Nevertheless, the article by Panebianco et al (1) illustrates how a non suspicious MRI and a biological suspicion of prostate cancer are increasingly being managed, by deferring the biopsy and only performing it if signs of progression appear (PSA level and/or increase of PIRADS score repeat MRI).

 

Caption Figure 1 : Appearance of a non-suspicious  MRI in a patient with a PSA density <0.15. No focal restricted diffusion in the peripheral zone and no suspicious anomaly in the transition zone on the T2-weighted sequence. Arrows show the T2W hyposignal and the physiological restricted diffusion of the central zone around the ejaculatory ducts.

References :

  1. Panebianco V, Barchetti G, Simone G, Del Monte M, Ciardi A, Grompone MD, et al. Negative Multiparametric Magnetic Resonance Imaging for Prostate Cancer: What’s Next? Eur Urol. 2018.
  2. Ahmed HU, El-Shater Bosaily A, Brown LC, Gabe R, Kaplan R, Parmar MK, et al.
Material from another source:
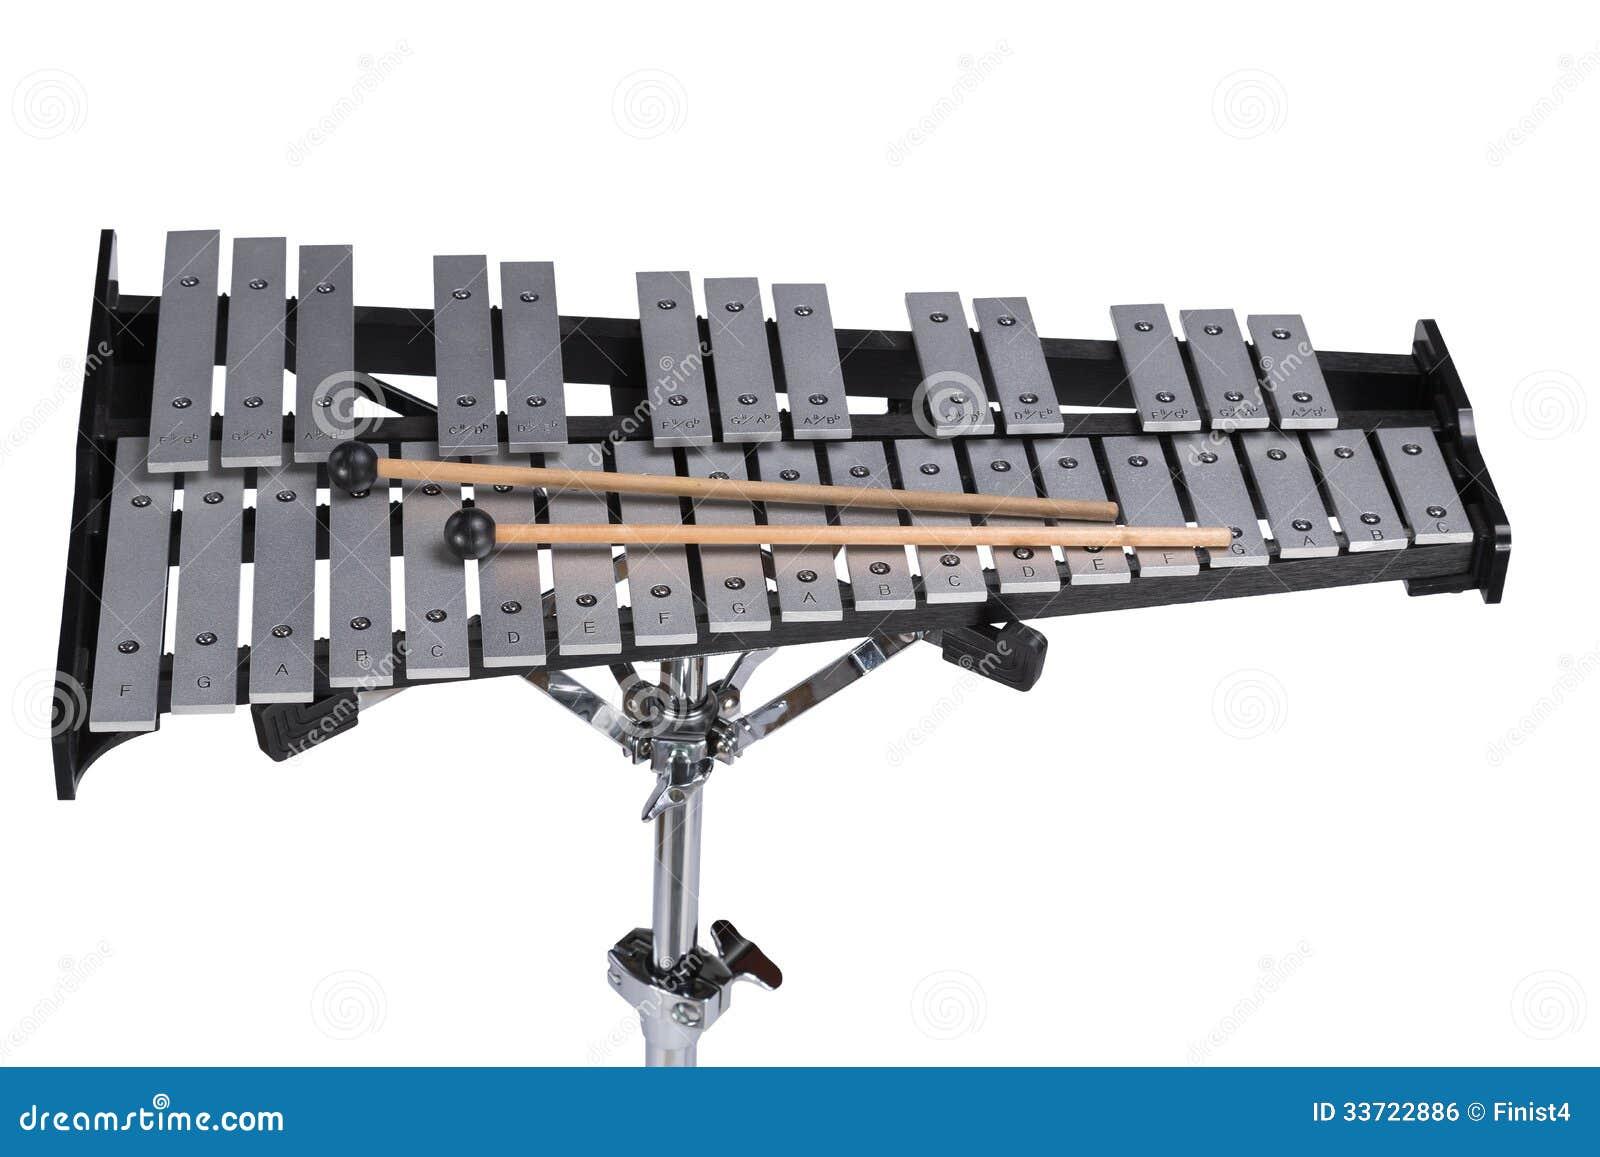 Glockenspiel Royalty Free Stock Image - Image: 33722886

Diagnostic accuracy of multi-parametric MRI and TRUS biopsy in prostate cancer (PROMIS): a paired validating confirmatory study. Lancet. 2017;389(10071):815-22.
  3. Prendeville S, Gertner M, Maganti M, Pintilie M, Perlis N, Toi A, et al. Role of Magnetic Resonance Imaging Targeted Biopsy in Detection of Prostate Cancer Harboring Adverse Pathological Features of Intraductal Carcinoma and Invasive Cribriform Carcinoma. J Urol. 2018;200(1):104-13.
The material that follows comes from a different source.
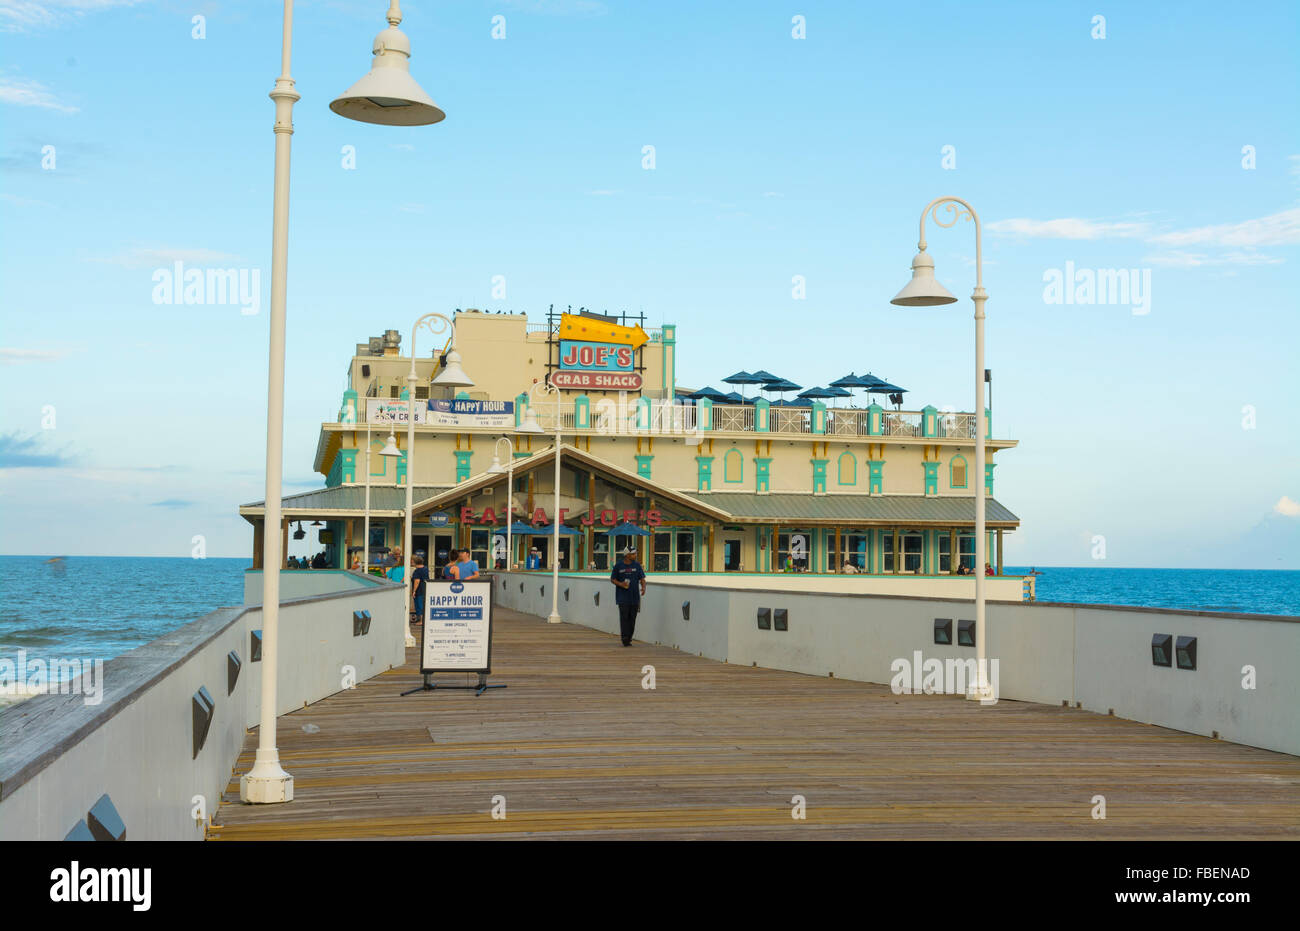 Daytona beach florida famous main street pier and for Daytona beach fishing pier

  4. Truong M, Feng C, Hollenberg G, Weinberg E, Messing EM, Miyamoto H, et al. A Comprehensive Analysis of Cribriform Morphology on Magnetic Resonance Imaging/Ultrasound Fusion Biopsy Correlated with Radical Prostatectomy Specimens. J Urol. 2018;199(1):106-13.
  5. Rouviere O, Souchon R, Melodelima C. Pitfalls in interpreting positive and negative predictive values: Application to prostate multiparametric magnetic resonance imaging. Diagn Interv Imaging. 2018.
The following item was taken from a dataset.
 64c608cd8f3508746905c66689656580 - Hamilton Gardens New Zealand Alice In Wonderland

  6. Mehralivand S, Shih JH, Rais-Bahrami S, Oto A, Bednarova S, Nix JW, et al. A Magnetic Resonance Imaging-Based Prediction Model for Prostate Biopsy Risk Stratification. JAMA Oncol. 2018.
  7. Lanz C, Cornud F, Beuvon F, Lefevre A, Legmann P, Zerbib M, et al. Gleason Score Determination with Transrectal Ultrasound-Magnetic Resonance Imaging Fusion Guided Prostate Biopsies-Are We Gaining in Accuracy? J Urol. 2016;195(1):88-93.
  8. Garisto JD, Klotz L. Active Surveillance for Prostate Cancer: How to Do It Right. Oncology (Williston Park). 2017;31(5):333-40, 45.